In reply to an earlier post on Jun 22, 2008 8:02:15 PM PDT
Last edited by the author on Jun 22, 2008 8:02:34 PM PDT
Julie Neal says:
Sarandon provides the speaking voice, Elfman the singing voice. At least according to the Internet Movie Database (imdb.com).
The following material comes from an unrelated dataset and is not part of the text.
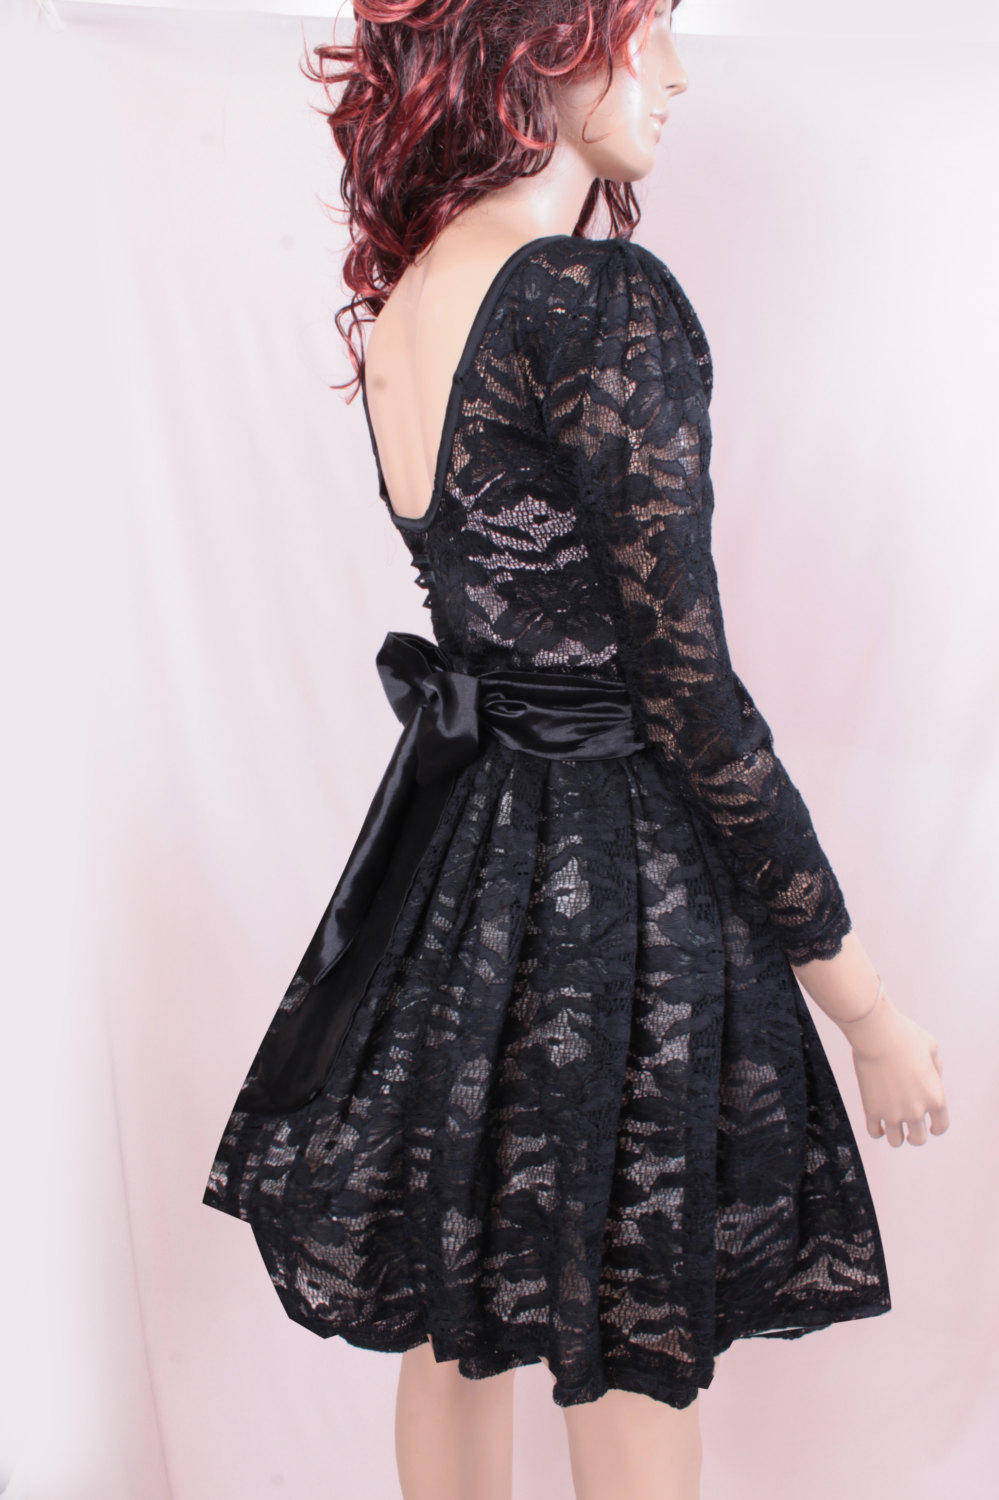 Little Black lace / wedding party /cocktail / mini / bridesmaid/ 3/4 sleeves / dress

I love Jack's singing voice, though!
In reply to an earlier post on Jul 10, 2008 12:59:58 PM PDT
Count Orlok '22 says:
Julie's correct about who voiced Jack.
In reply to an earlier post on Jul 26, 2008 2:21:20 PM PDT
That's interesting - never knew that. Great review btw! :)
Posted on Nov 6, 2008 10:24:13 AM PST
S. Robbins says:
Posted on Feb 18, 2009 11:02:59 PM PST
Thank you so much for the amazing review :)
This review really helps me on helping my cousin to choose which The Nightmare Before Christmas DVDs to buy.
Oce again, thank you very much!
and God bless all! ;)
Posted on Sep 22, 2009 8:46:43 PM PDT
The Wizard says:
Frankenweenie came out in 1984,not 1994.
Posted on Feb 15, 2010 8:50:13 PM PST
Melissa Rains says:
Super helpful...better description of what I will get than Amazon gave me!! Thank you!
Posted on Sep 3, 2011 9:48:18 PM PDT
Last edited by the author on Sep 5, 2011 6:44:05 PM PDT
Laura Bishop says:
Thank you so much for the in-depth review. I have the VHS tape. Time for an upgrade!! I enjoyed this movie along with young son (he is now 20!!!)